*TASK TO COMPLETE*: Please copy the data below exactly; none of the pictures in it belong in the copy.

*SUPPLIED INFORMATION*:

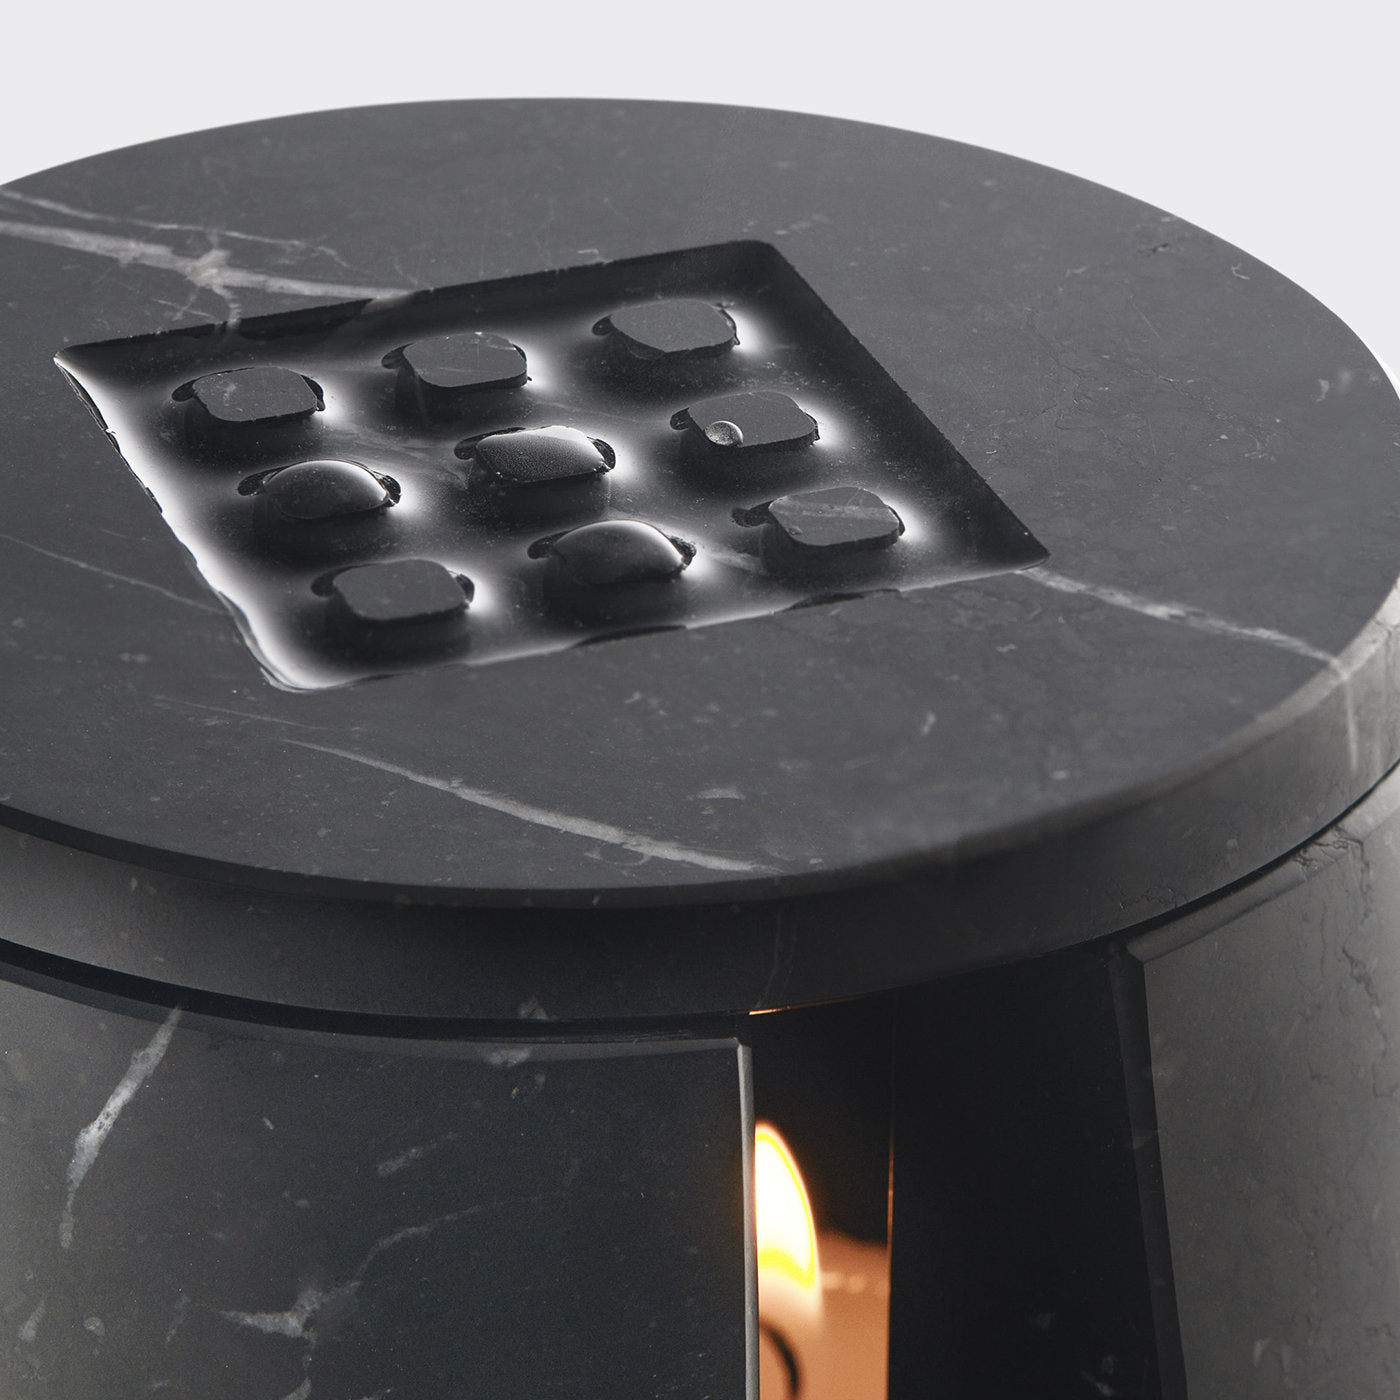 Oracolo Essential-Oil Burner - Design Charalampos Potzidis - Alternative view 1
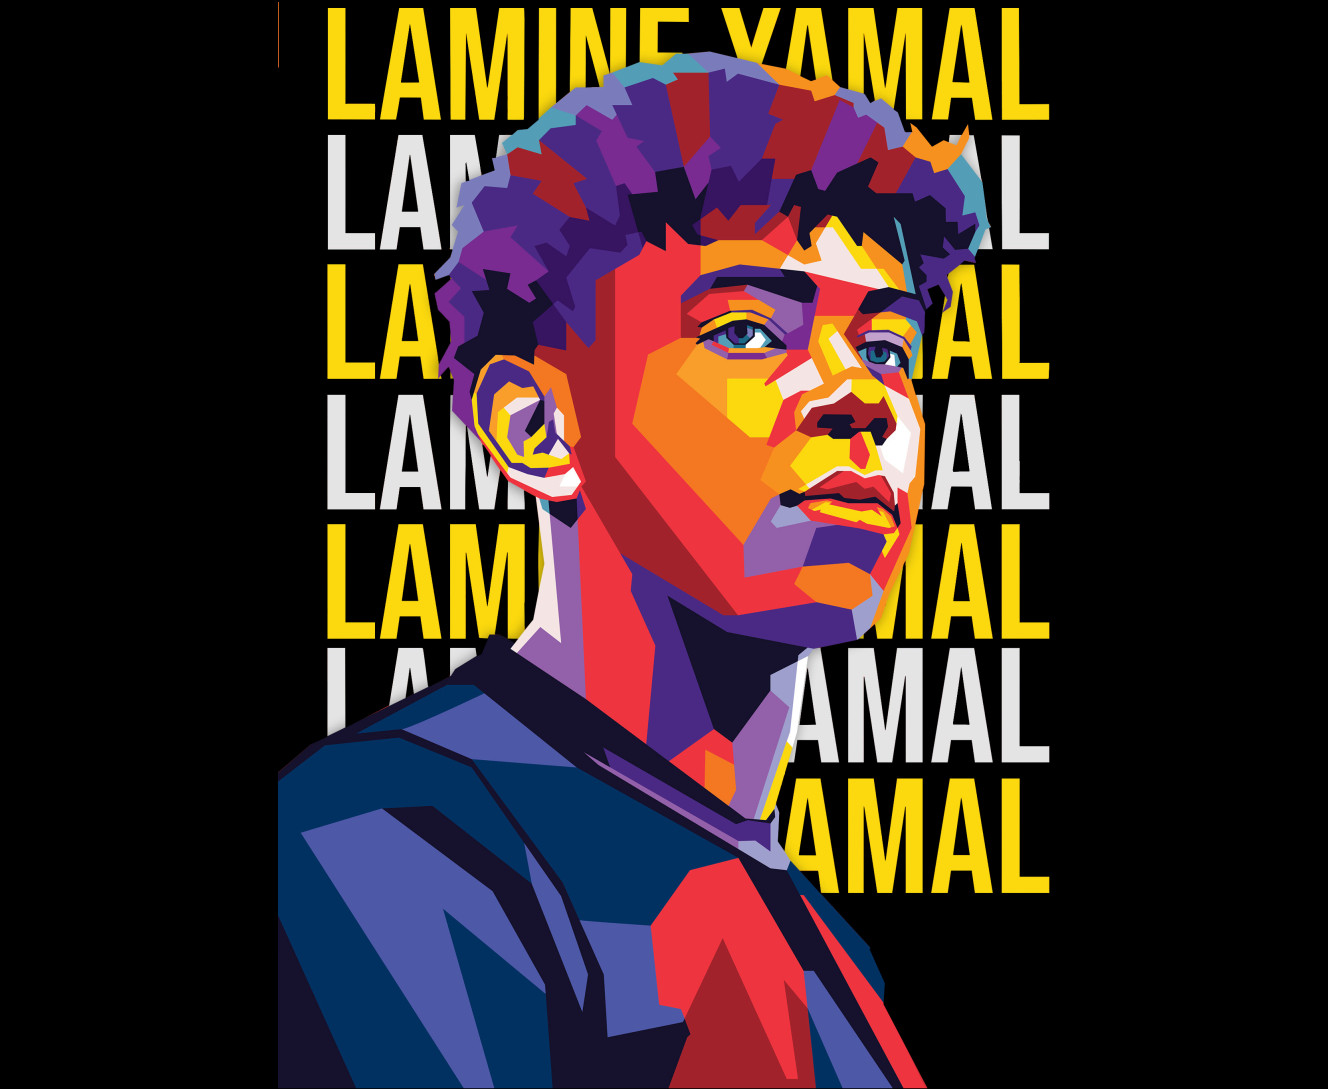 Yamal Lamine
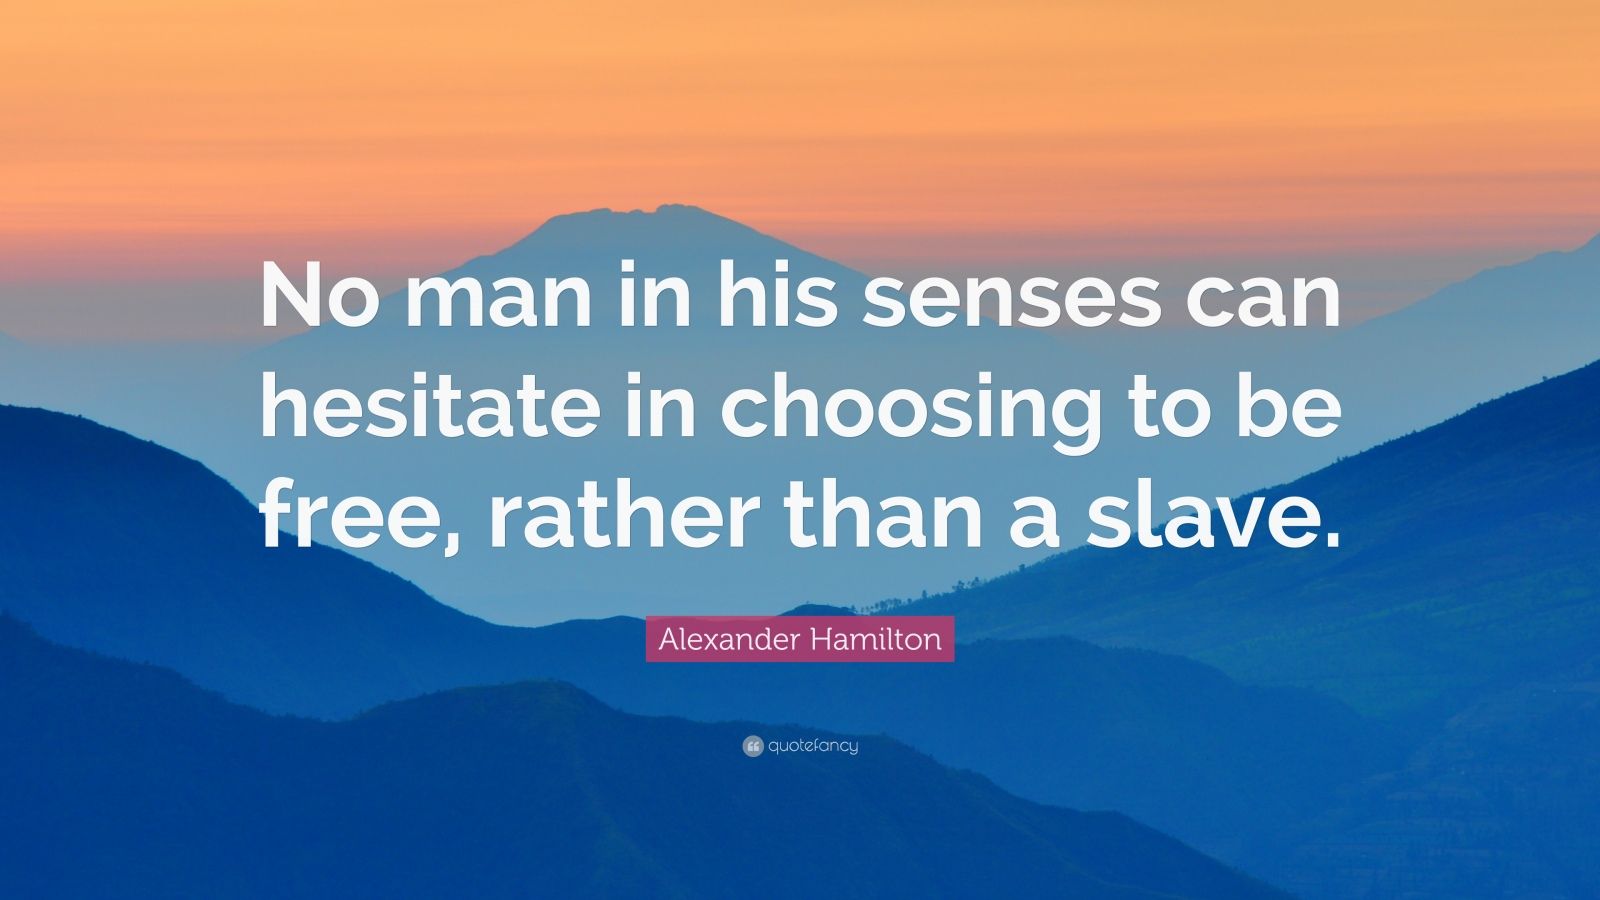 Alexander Hamilton Quote: “No man in his senses can hesitate in ...
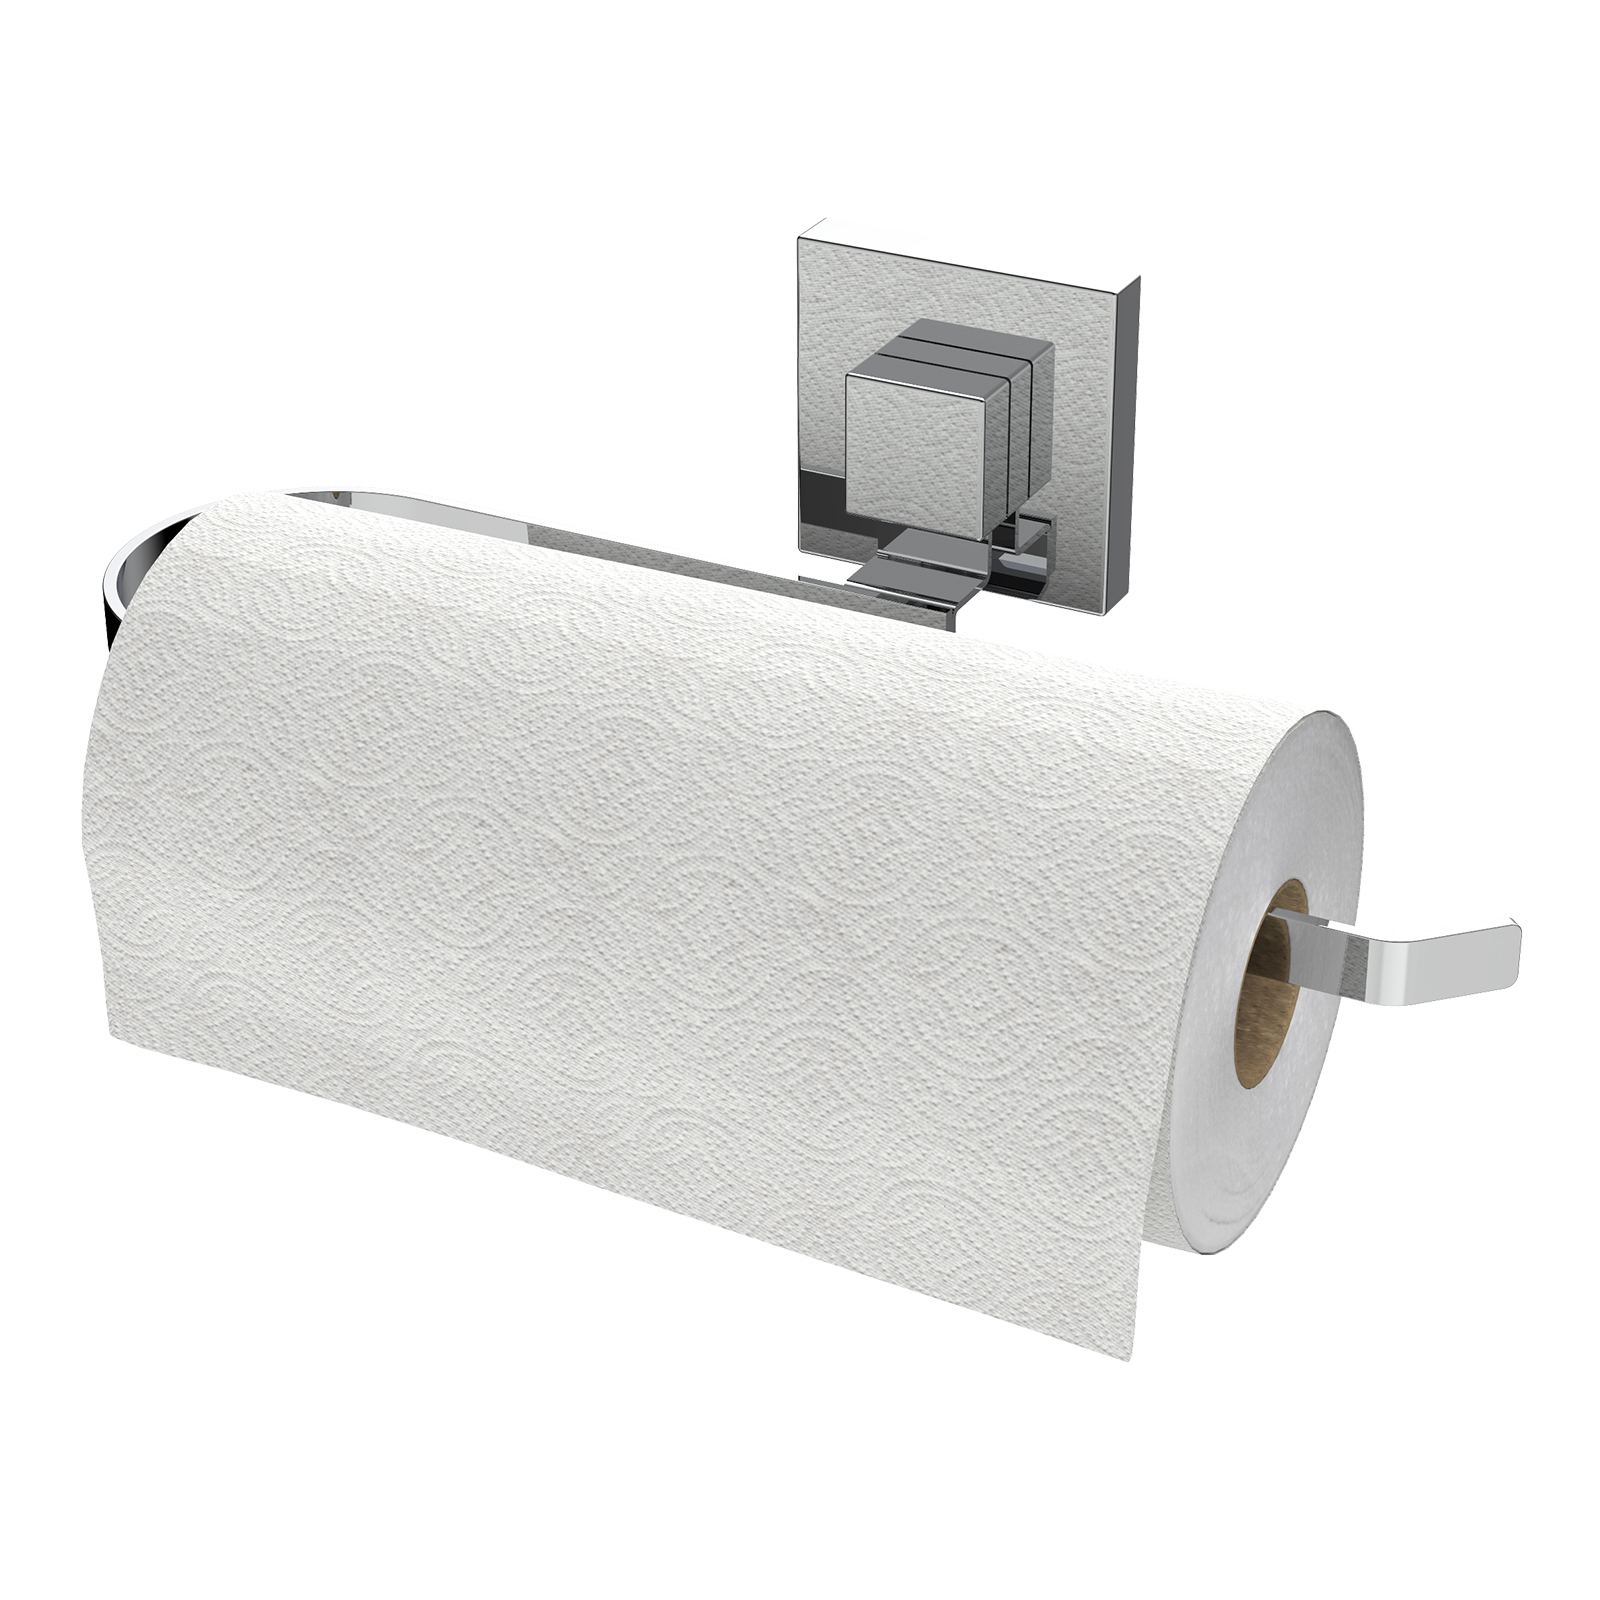 Fusion-Loc Suction Paper Towel Holder - Fusion-Loc

*RESULT OF THE EXERCISE*:
 Oracolo Essential-Oil Burner - Design Charalampos Potzidis - Alternative view 1
 Yamal Lamine
 Alexander Hamilton Quote: “No man in his senses can hesitate in ...
 Fusion-Loc Suction Paper Towel Holder - Fusion-Loc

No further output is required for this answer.